*** Opening of Records provided ***
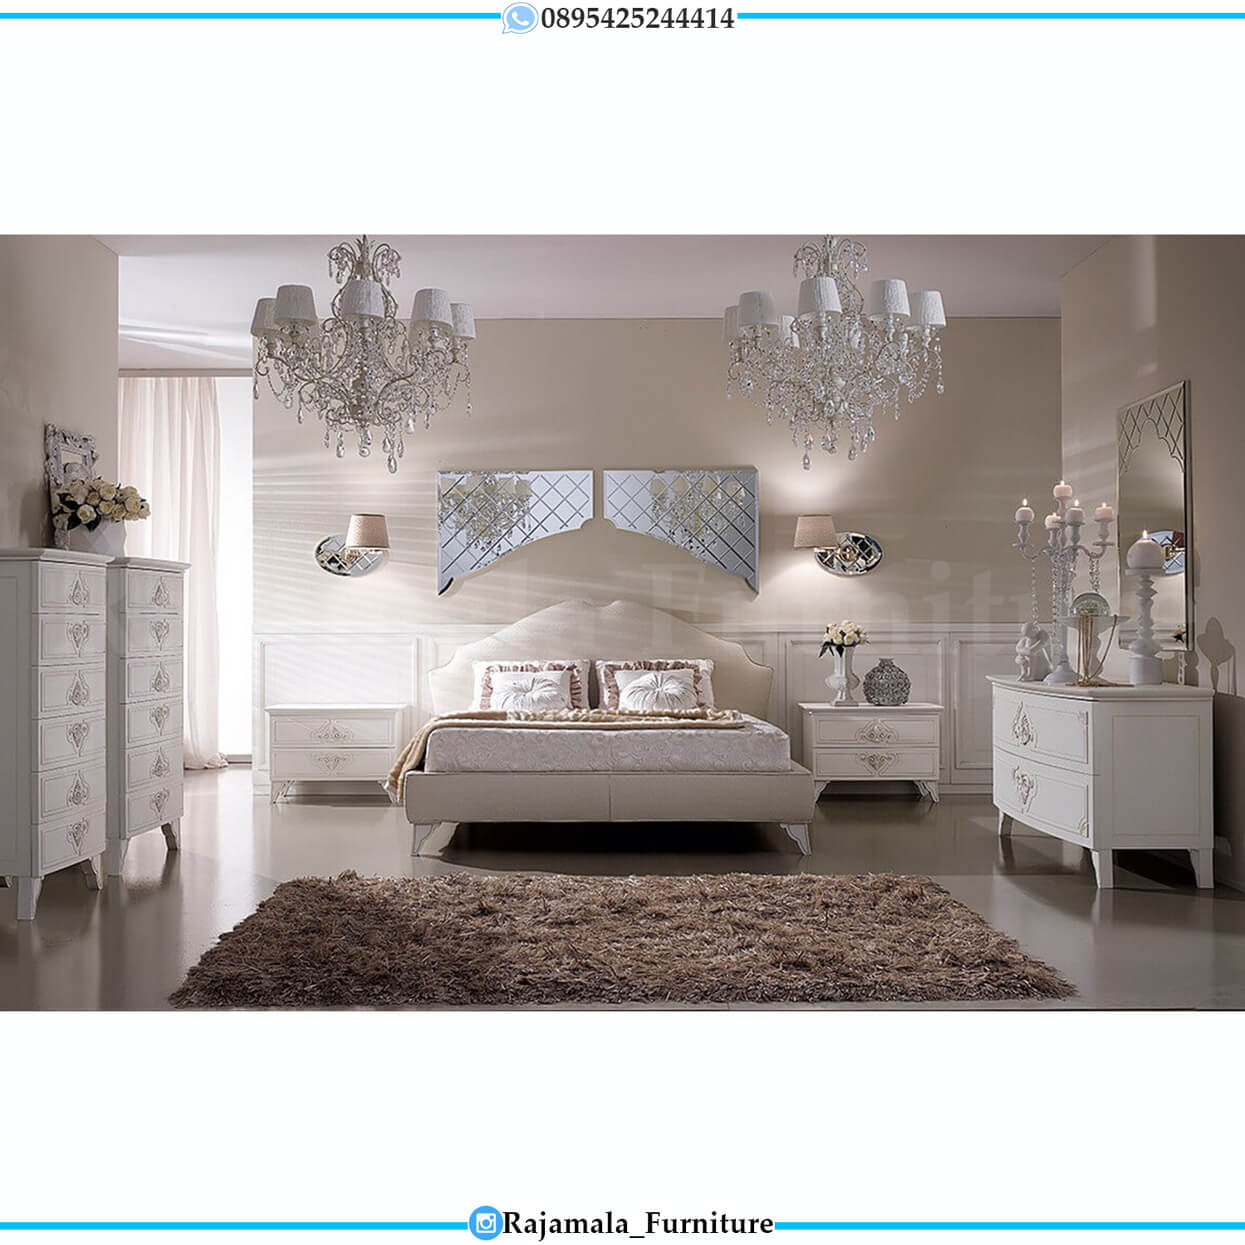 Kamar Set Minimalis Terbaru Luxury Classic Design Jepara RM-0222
*** Close of Records provided ***
*** Opening of Records provided ***
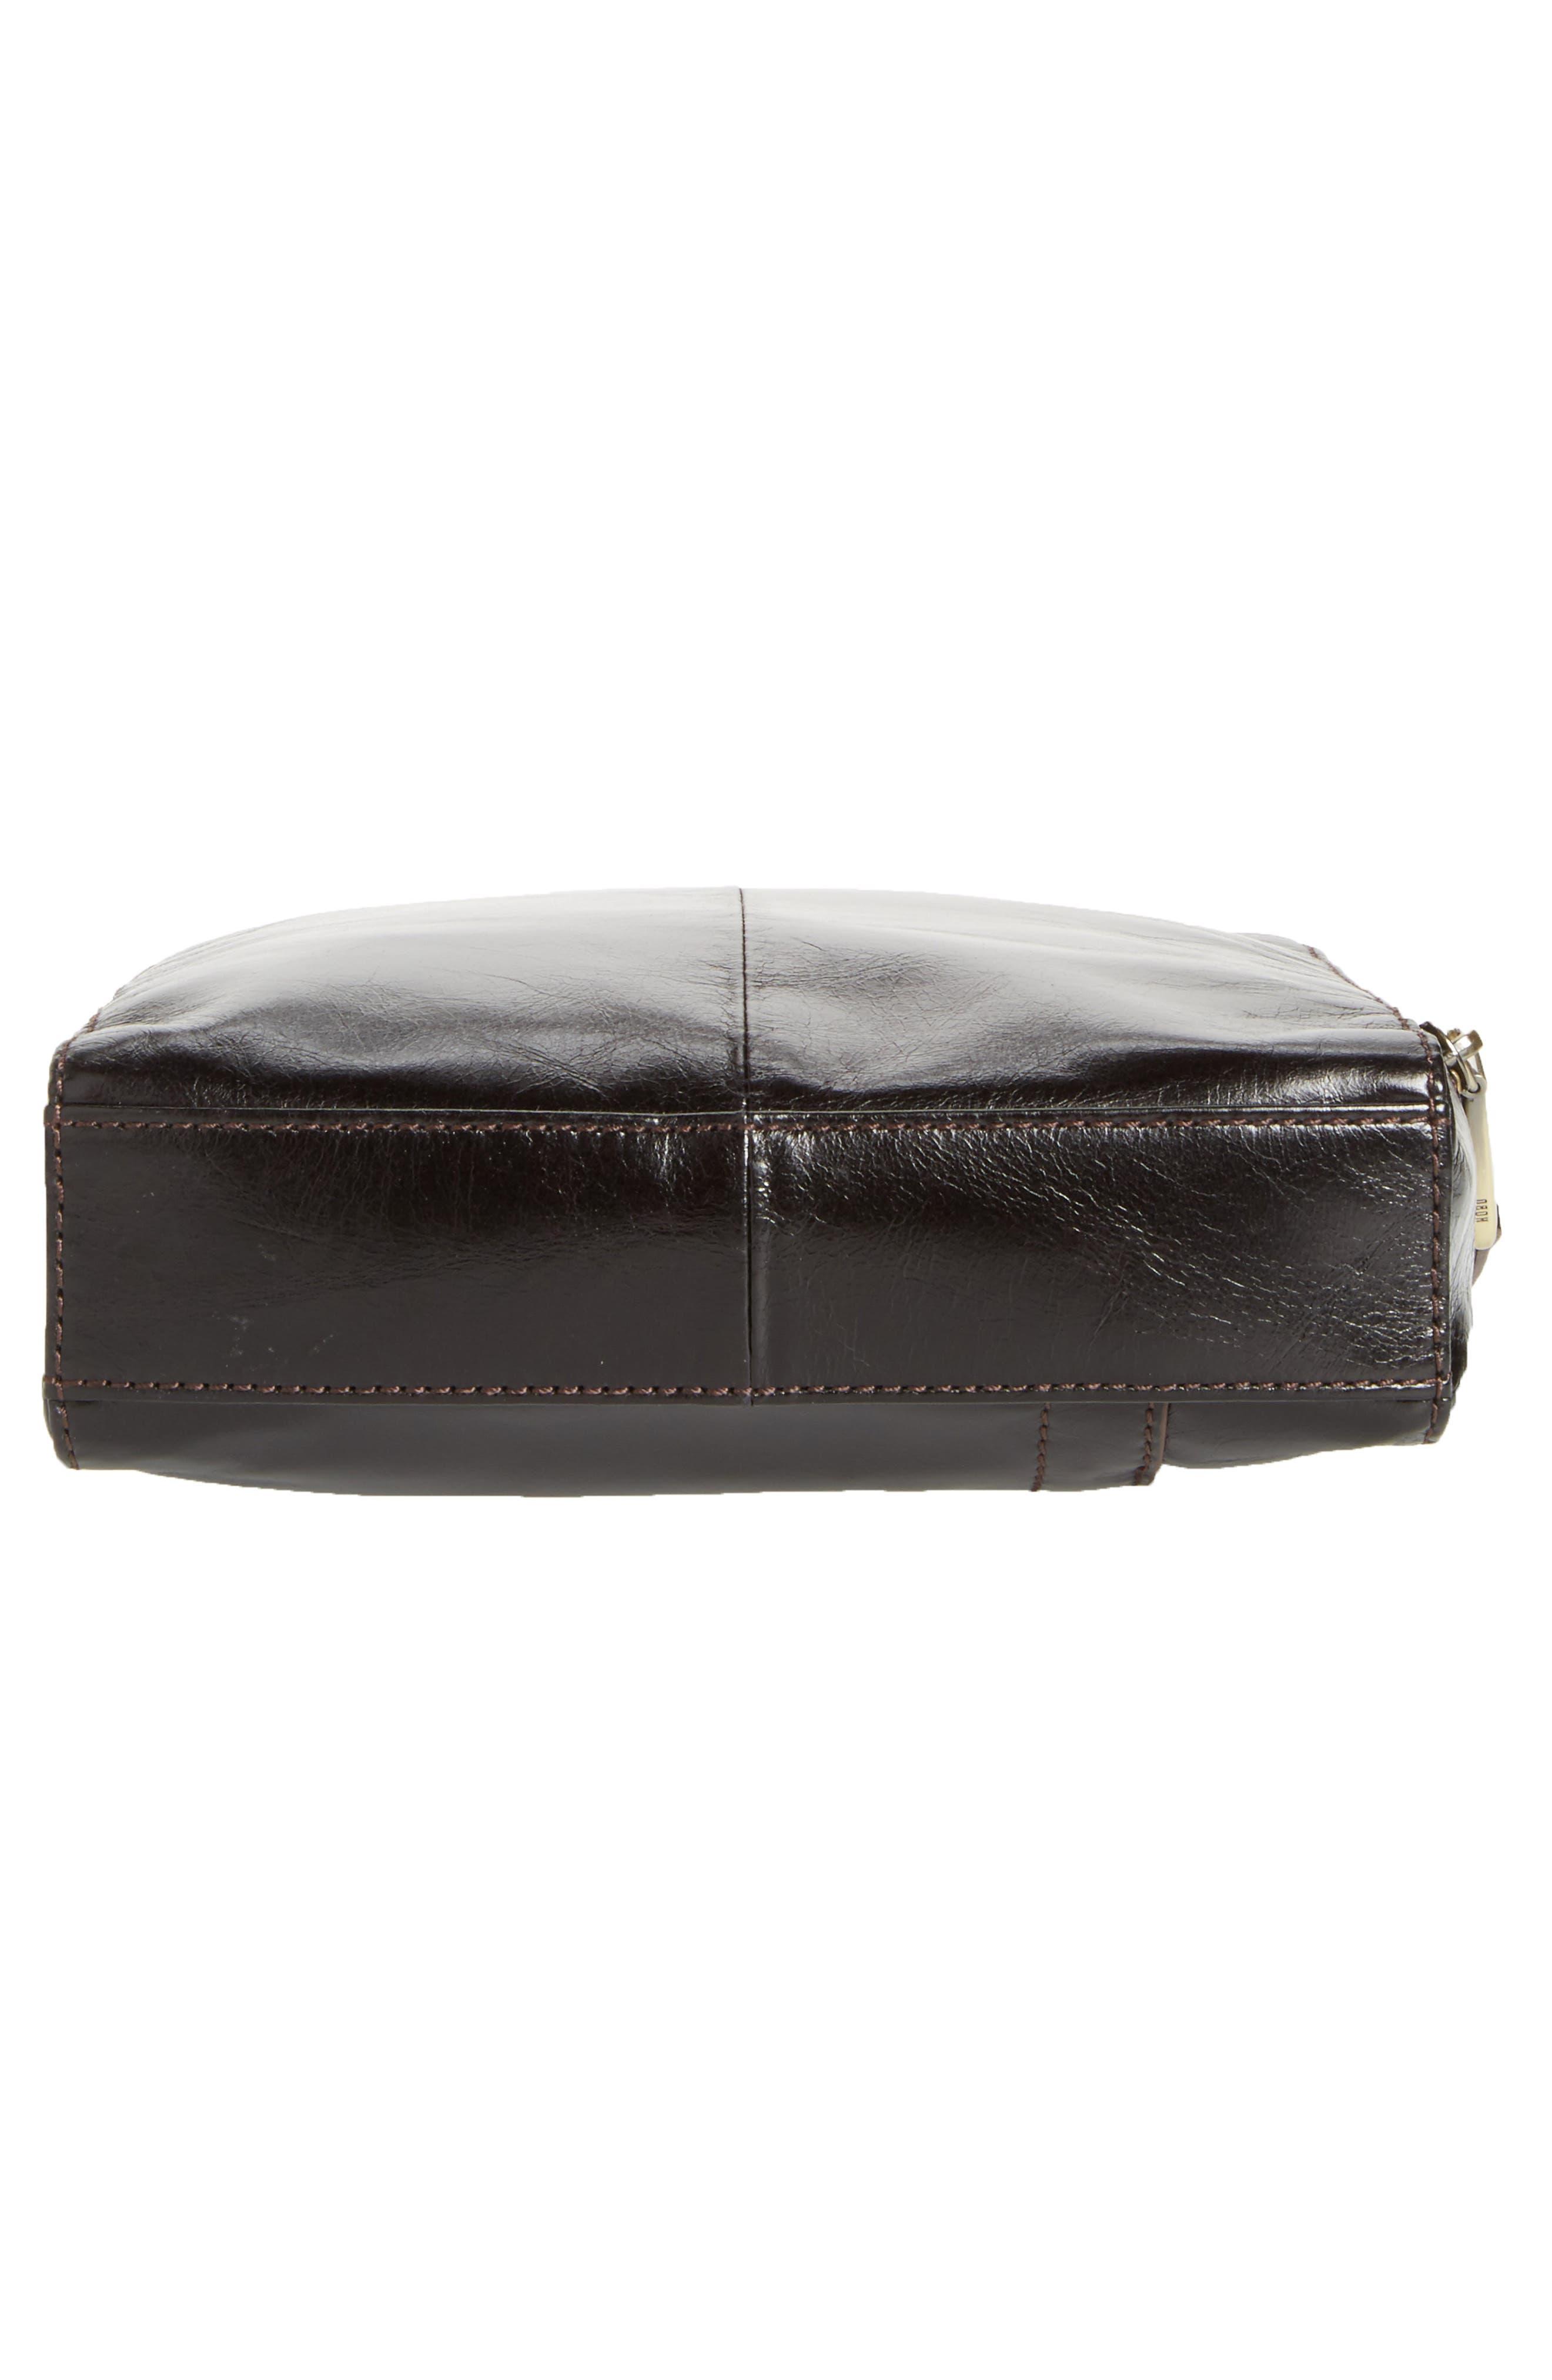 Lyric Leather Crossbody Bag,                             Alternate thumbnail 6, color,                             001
*** Close of Records provided ***
*** Opening of Records provided ***
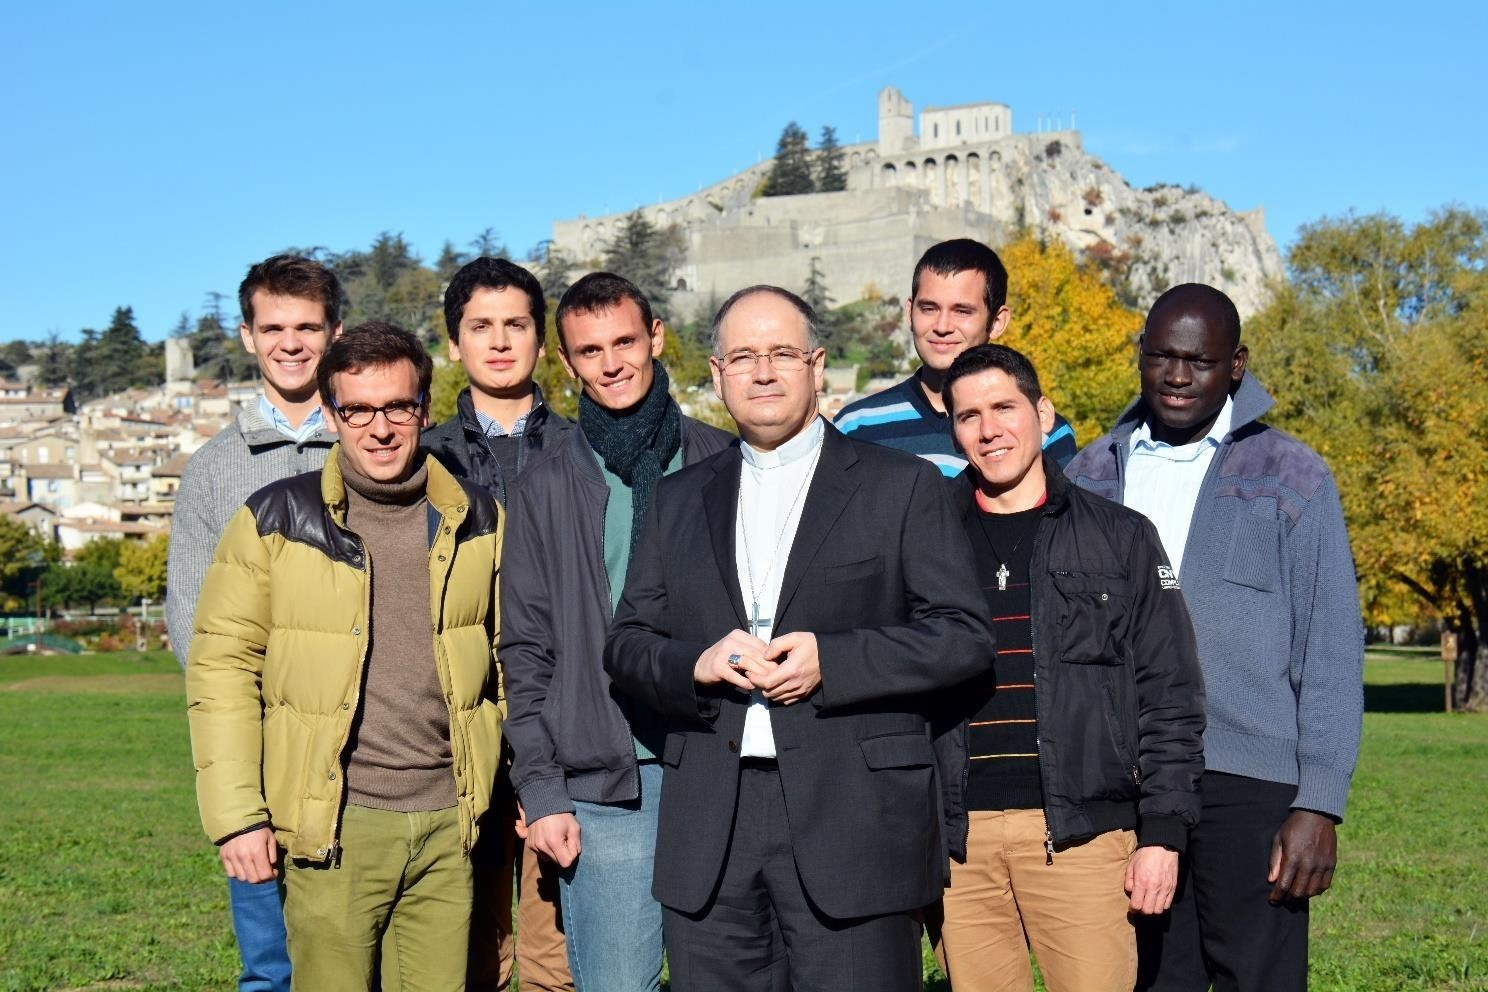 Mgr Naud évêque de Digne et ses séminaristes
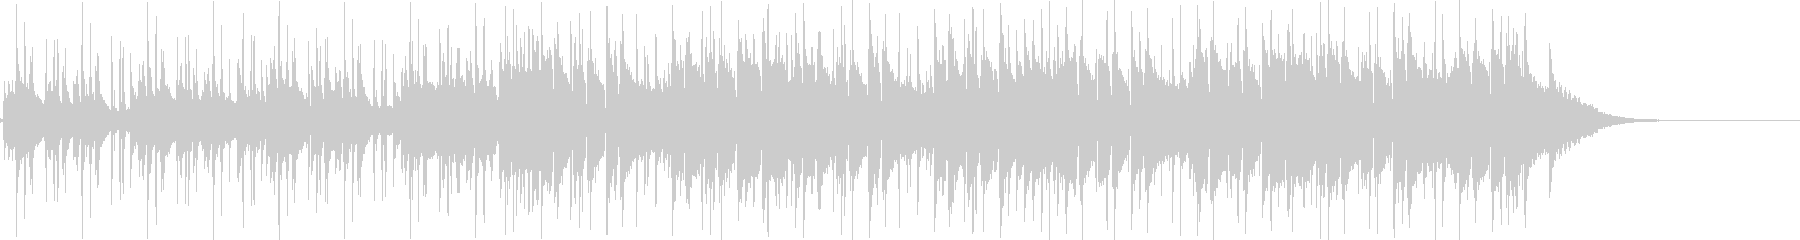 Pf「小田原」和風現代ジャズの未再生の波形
*** Close of Records provided ***
## Task description:
Among the lines above, the one with "Mgr Naud évêque de Digne et ses séminaristes" opens the part to repeat and the one with "Pf「小田原」和風現代ジャズの未再生の波形" closes it; repeat only that part exactly, with no pictures.

## Solution to this exercise:
 Mgr Naud évêque de Digne et ses séminaristes
 Pf「小田原」和風現代ジャズの未再生の波形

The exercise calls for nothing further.